- [Information shown]
BEGIN
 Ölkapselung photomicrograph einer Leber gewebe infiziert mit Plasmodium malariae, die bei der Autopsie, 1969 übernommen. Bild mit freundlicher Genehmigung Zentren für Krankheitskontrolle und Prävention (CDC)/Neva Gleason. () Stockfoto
END
BEGIN
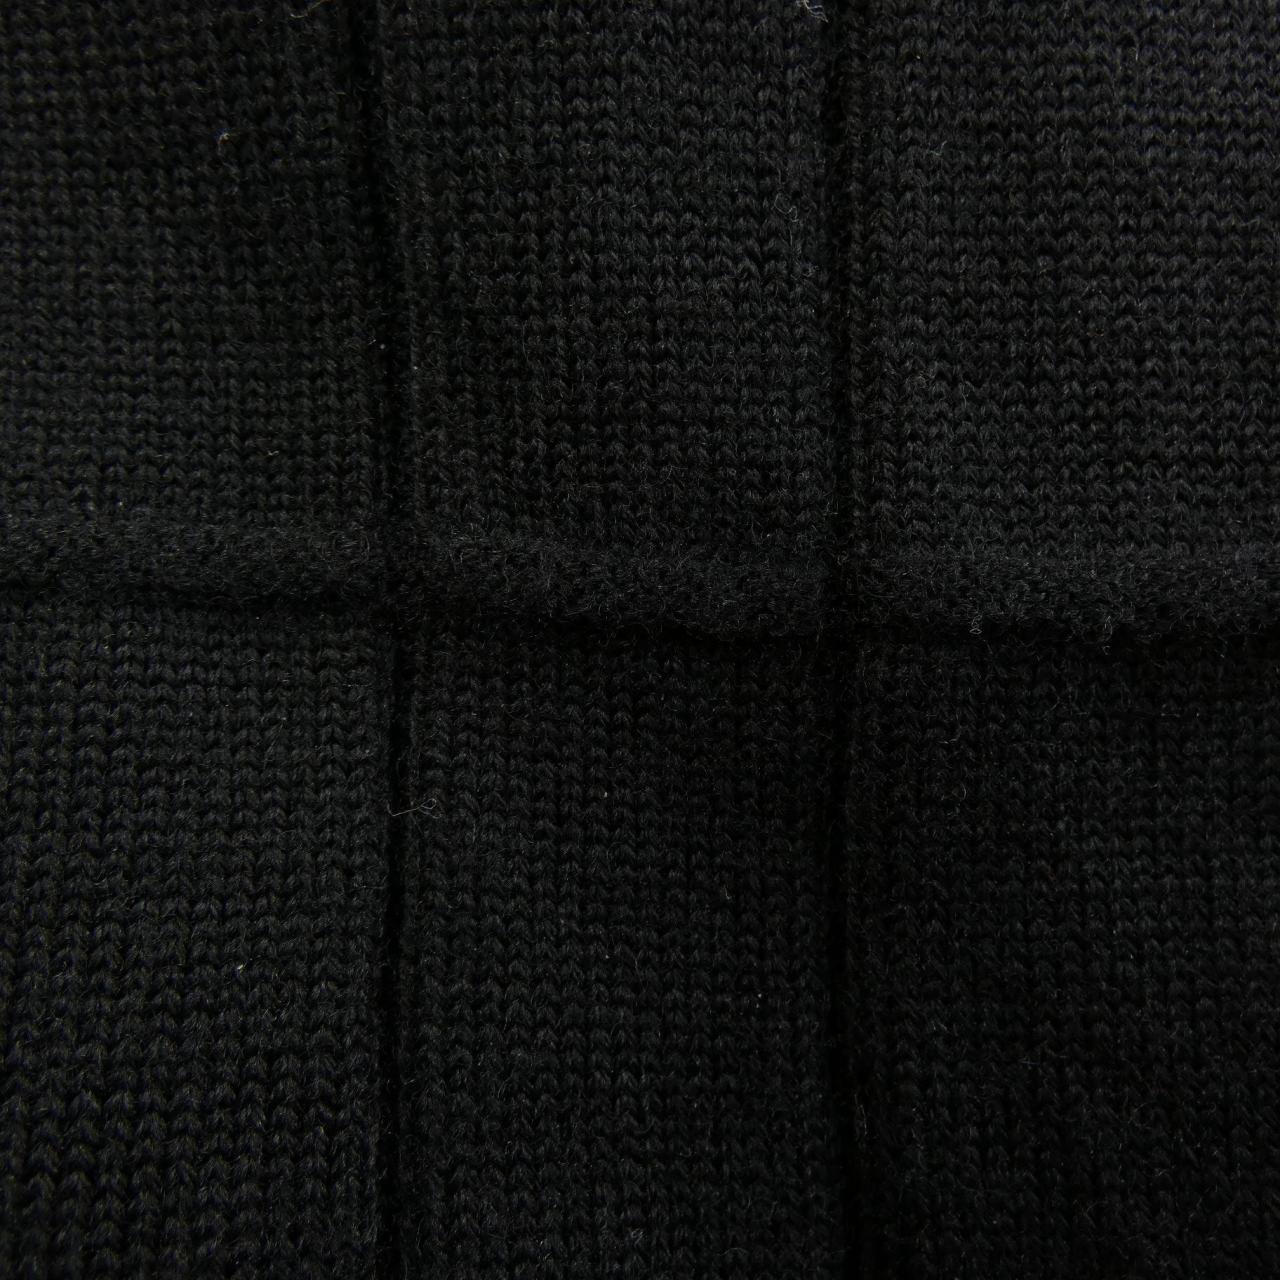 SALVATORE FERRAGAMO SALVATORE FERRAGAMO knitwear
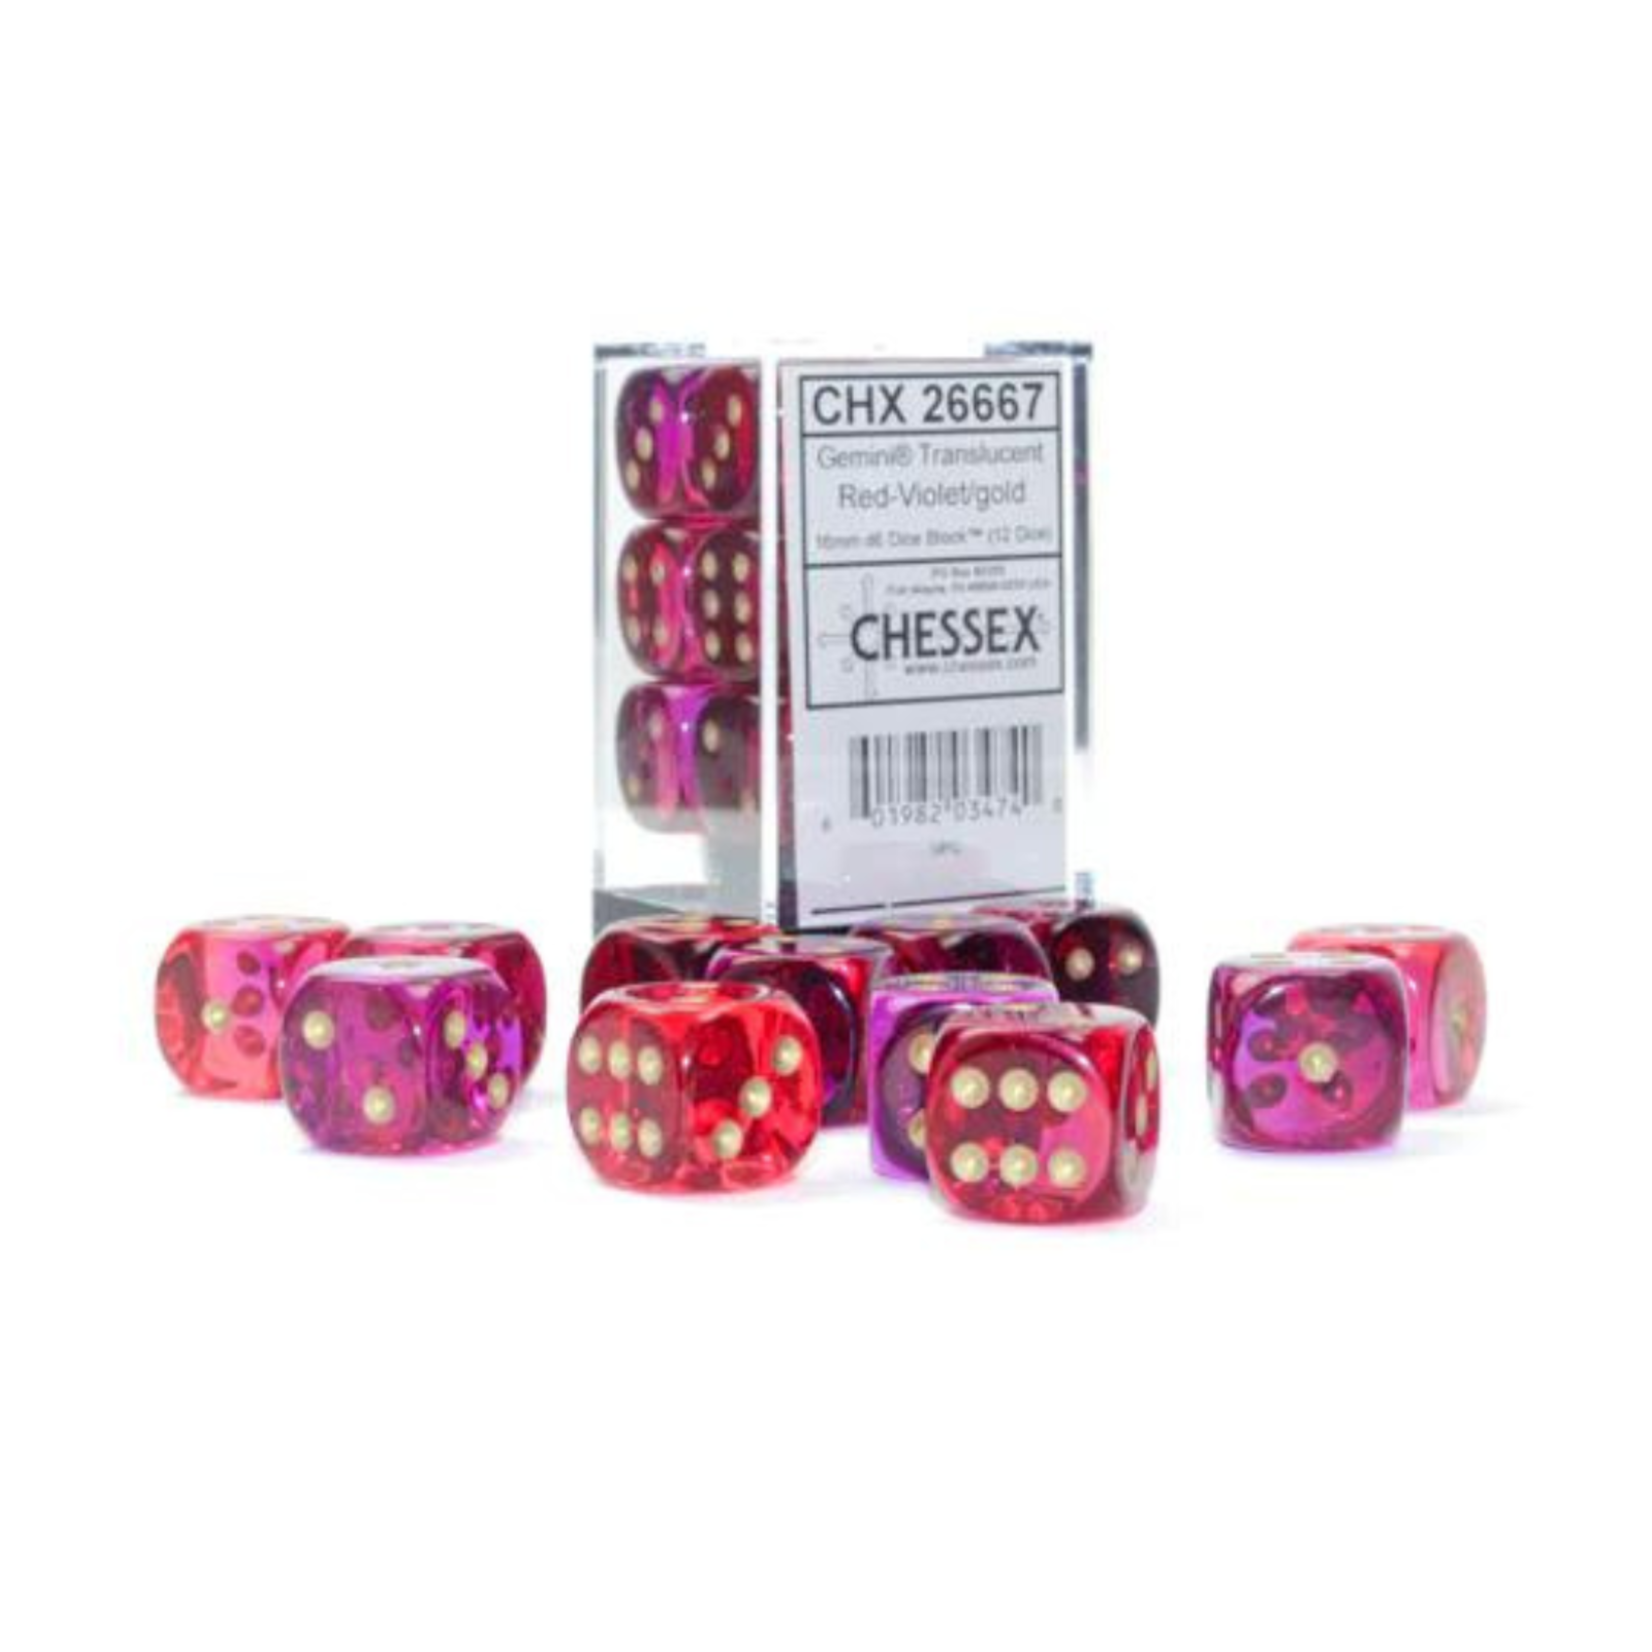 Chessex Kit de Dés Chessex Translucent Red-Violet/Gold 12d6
END
- [Task details] Your copy should hold the lines from the one with "SALVATORE FERRAGAMO SALVATORE" up to and including the one with "Chessex Kit de", exactly as in the data above, and no pictures.

- [Output for this exercise]
 SALVATORE FERRAGAMO SALVATORE FERRAGAMO knitwear
 Chessex Kit de Dés Chessex Translucent Red-Violet/Gold 12d6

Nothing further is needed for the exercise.